The sabbath, instituted here, before the command to keep the sabbath was given to the people in Exodus 20, is crucial in the life of the Israelite.
it’s crucial for the life of the Israelite, and I believe the sabbath is a good antidote for grumbling. Let me tell you why:
Sabbath means stoppage. Sabbath is rest from work, a reminder that the Lord provides, cares for, feeds, protects, saves. Sabbath is a reminder that God provides, whether or not we produce.
The people of Israel weren’t to go out to gather food on the seventh day, but were supposed to rest instead.
They had bread to eat because God provided them bread to eat the day before. And, only on the sabbath, the seventh day did the bread stay fresh and maggot-free. Miraculous.
The people of Israel sit back on the sabbath. They take it easy on the seventh day. They rest, just as God rested after creation.
When you’re just hanging out, taking a deliberate break from your routine, setting-aside time for reflection and thankfulness, if your thoughts are fixed on everything the Lord has given you (everything down to that breath you just took, and that one, and that one)—I can’t imagine how you’d be able to grumble.

To Observe the Sabbath

Sabbath—a day of rest—is given by God on purpose.
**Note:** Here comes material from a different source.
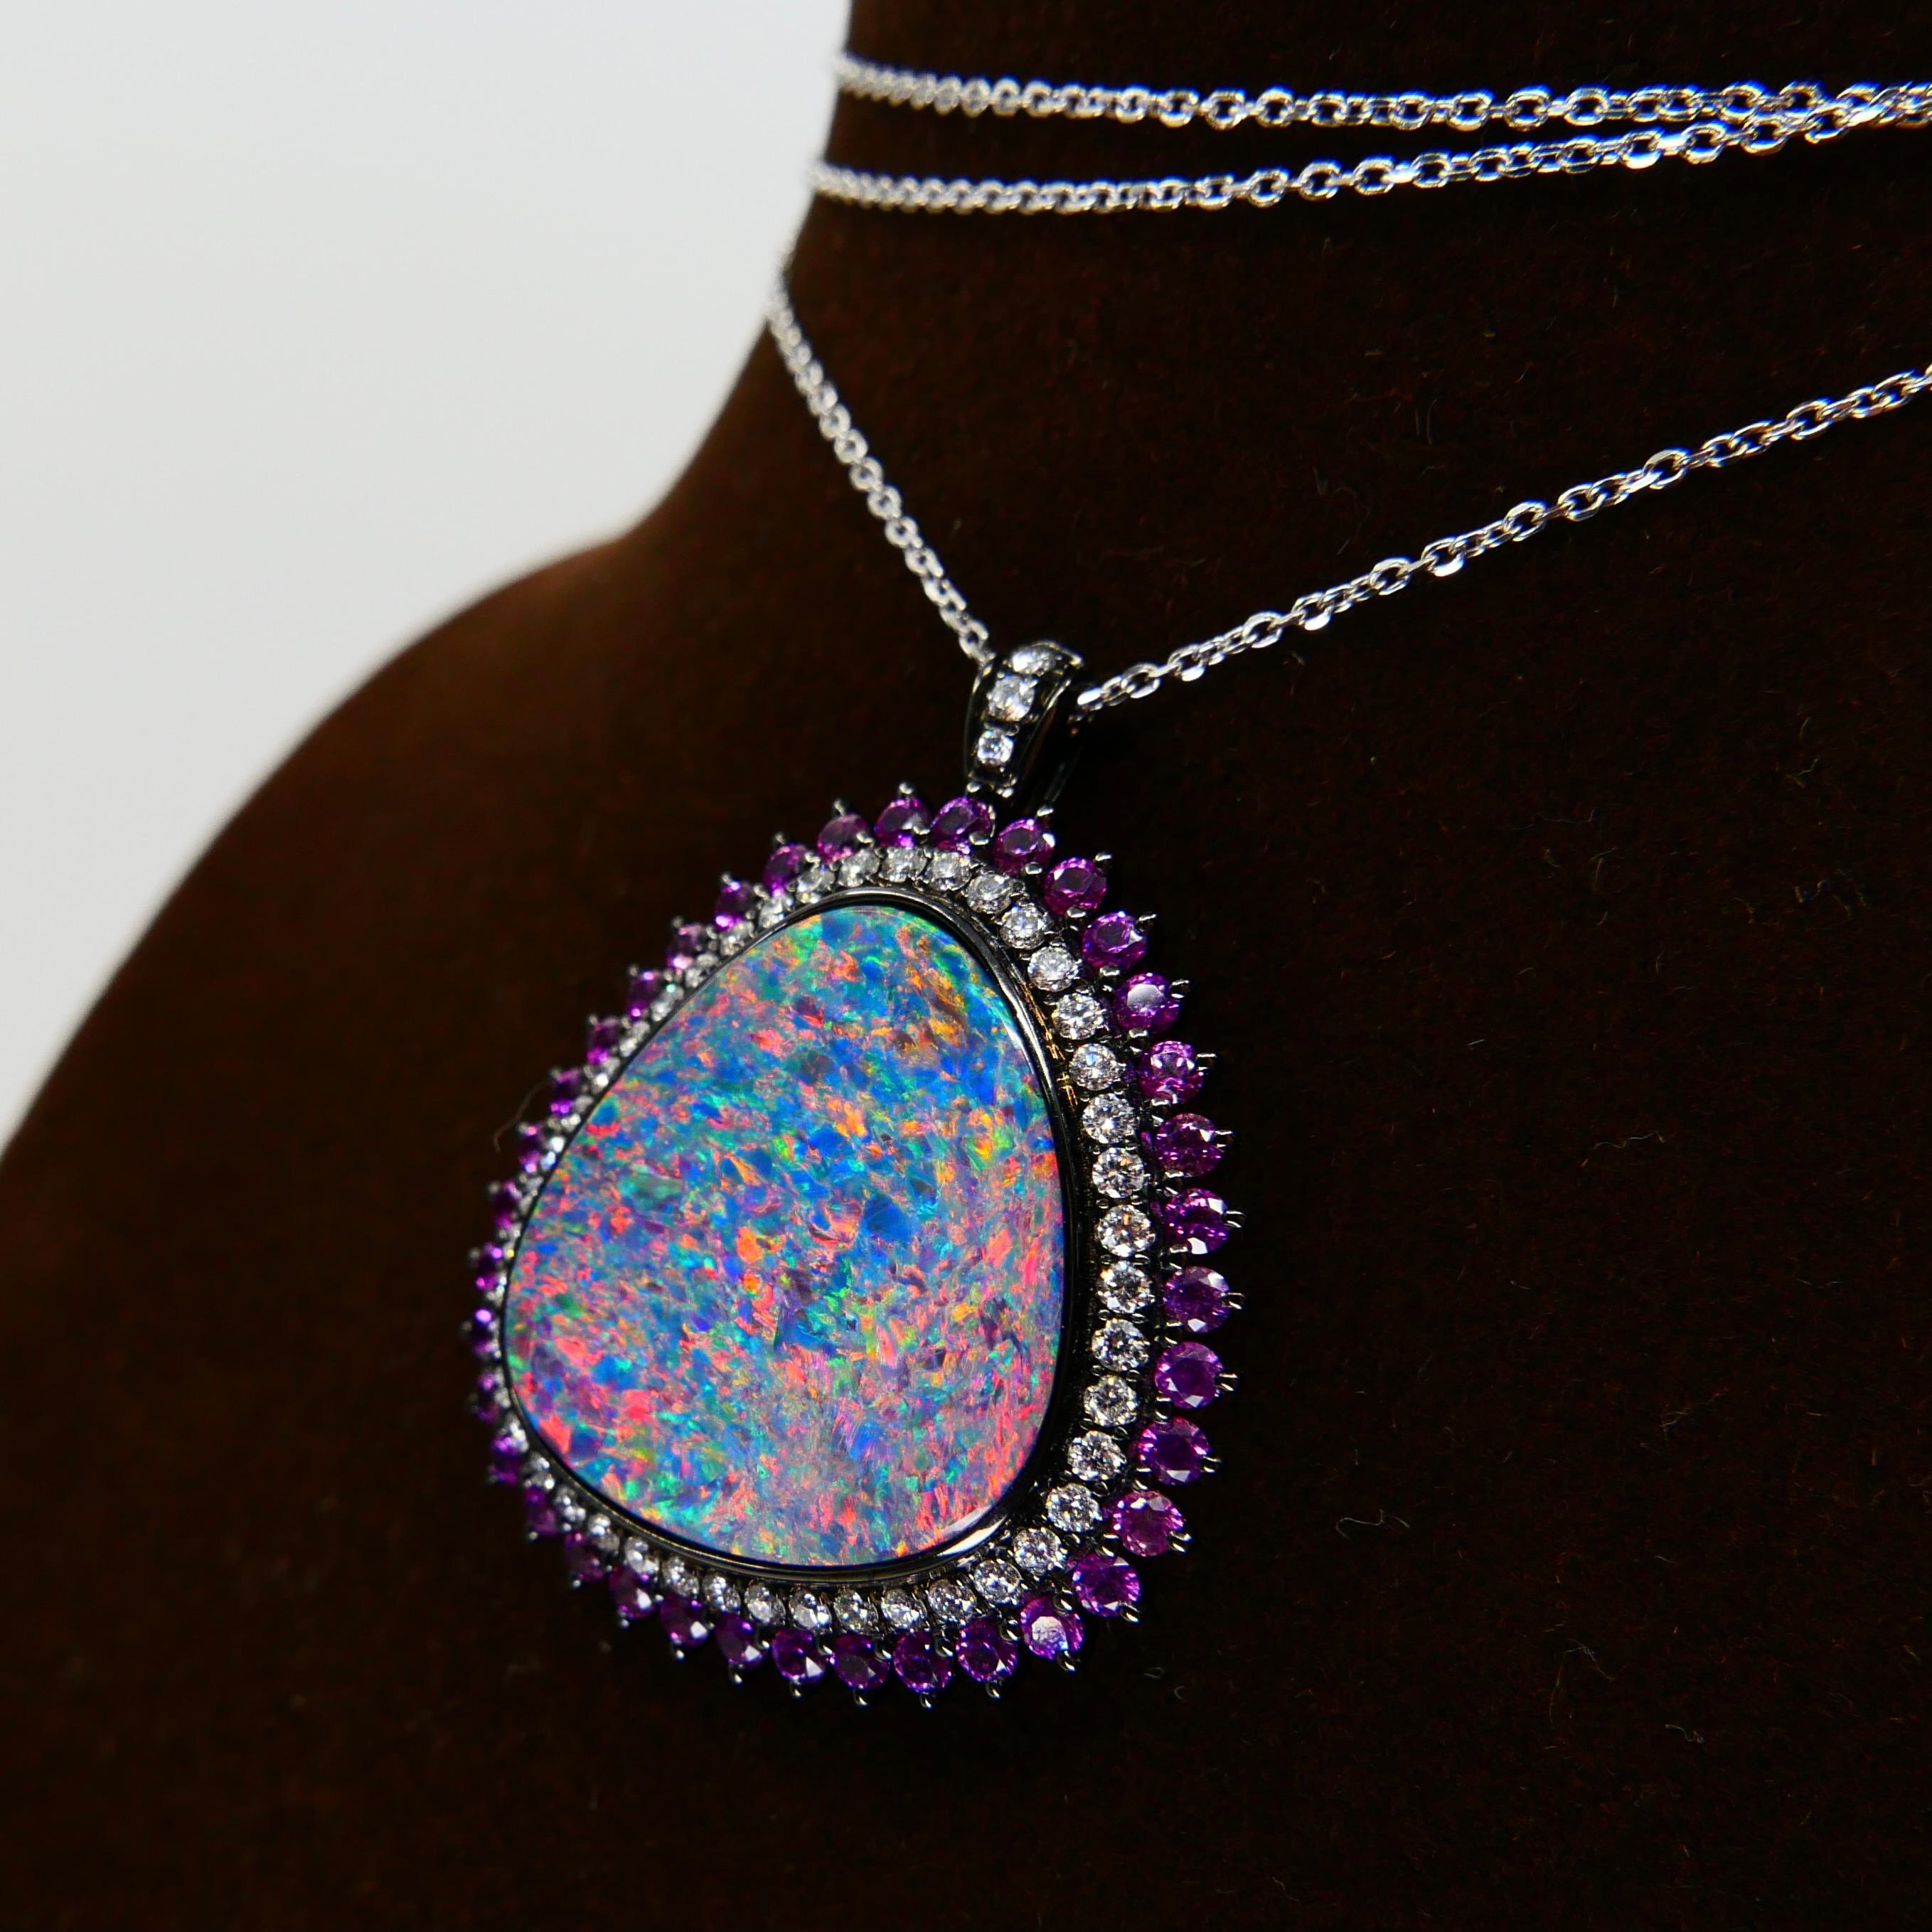 Rough Cut 7.84 Cts Au Opal, Pink Sapphire & Diamond Ring Pendant, Superb Play of Colors For Sale
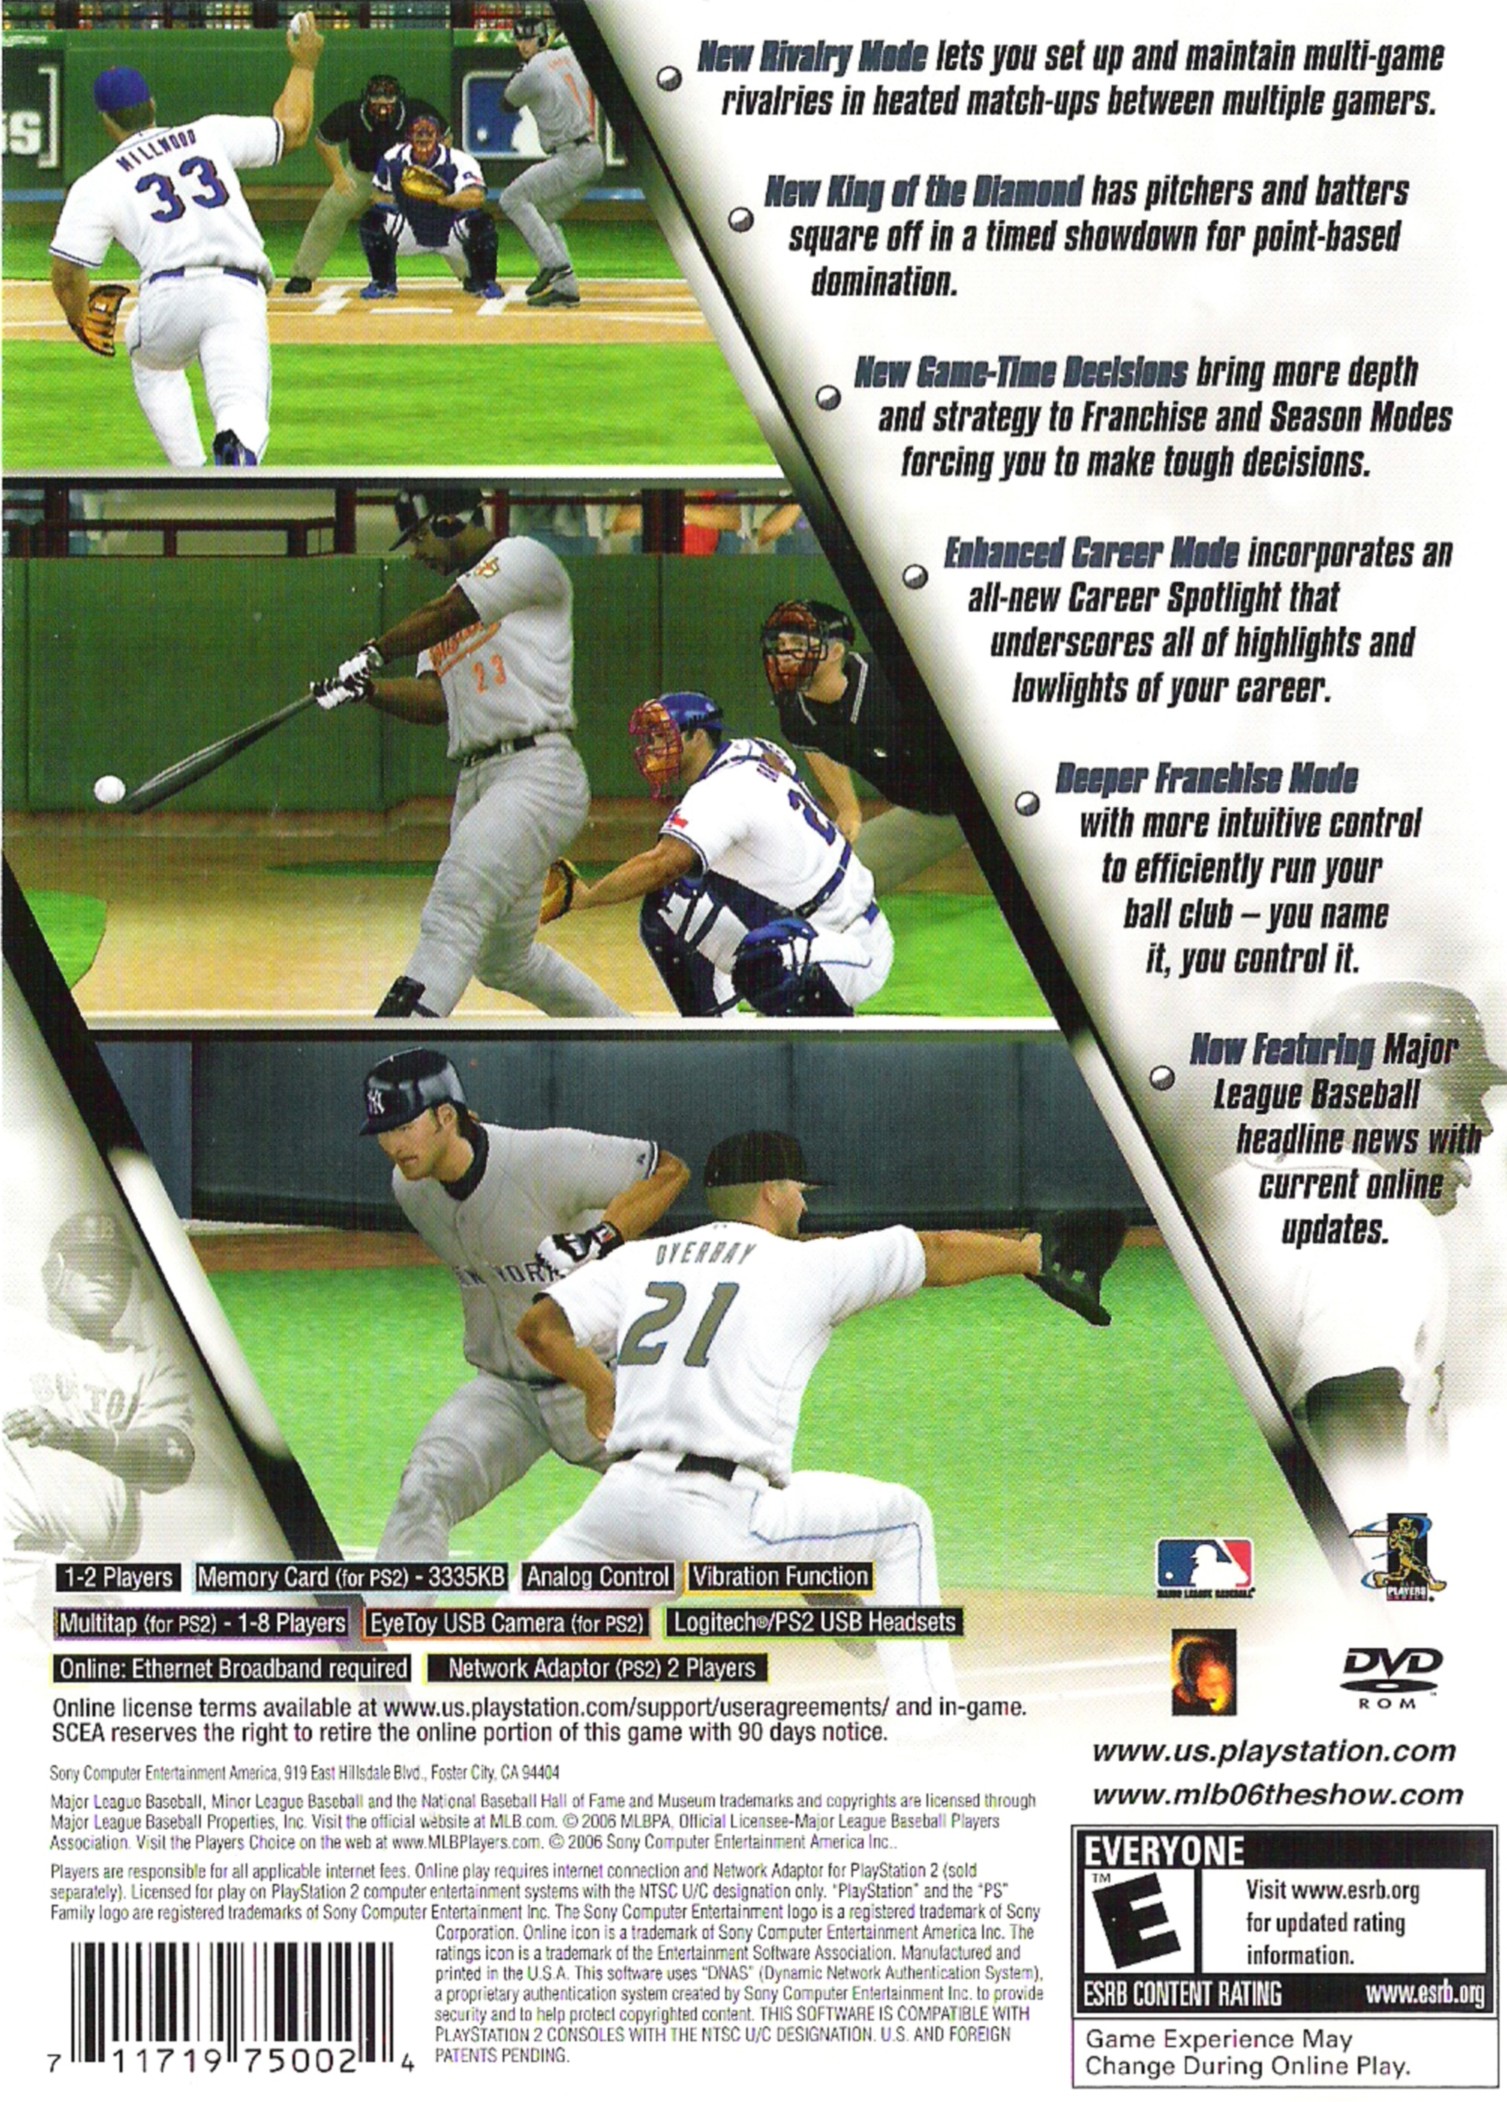 MLB 06: The Show Picture

It distinguished the Israelites from the Egyptians and surrounding nations.
Pharaoh didn’t give the Israelites a day off.
But God does. He commands it. The people of Israel go from working non-stop to working until the Lord tells them to stop and reflect on how good He is.
Sabbath is an antidote to grumbling. They should think: “Wow, you know…this never would have happened with Pharaoh. But with the Lord, Yahweh, we have food to eat and a day of rest to enjoy it; we are free to rest in Him and enjoy Him.”
>Grumblers grumble. The Israelites will live to grumble another day. My prayer for us is that we would grumble less and less as we understand and appreciate more and more what He has done for us, what He has given us—daily bread, rest in Him, the gift of His Son.
Ask God to give you a glimpse of His glory. When you catch yourself grumbling about this or that, ask God to give you a glimpse of His glory, a reminder of your salvation, an understanding of who He is and all He has done for you as an antidote for your whining.
Pray that the Lord and His Holy Spirit would grant you a contentedness, a satisfaction in Him. Jesus says, Come to me, all you who are weary and heavy burdened and I will give you rest. Apart from Christ, there is nothing that satisfies. But in Him, there is true satisfaction. Jesus is our portion, all we ever need.
Take a sabbath. Rest from your routine on a weekly basis. It’s not a suggestion from your pastor. It’s a command from God. Stop. Think. Reflect. Repent of your grumbling and rest in Him, realizing that, in Him, we have absolutely nothing to grumble about.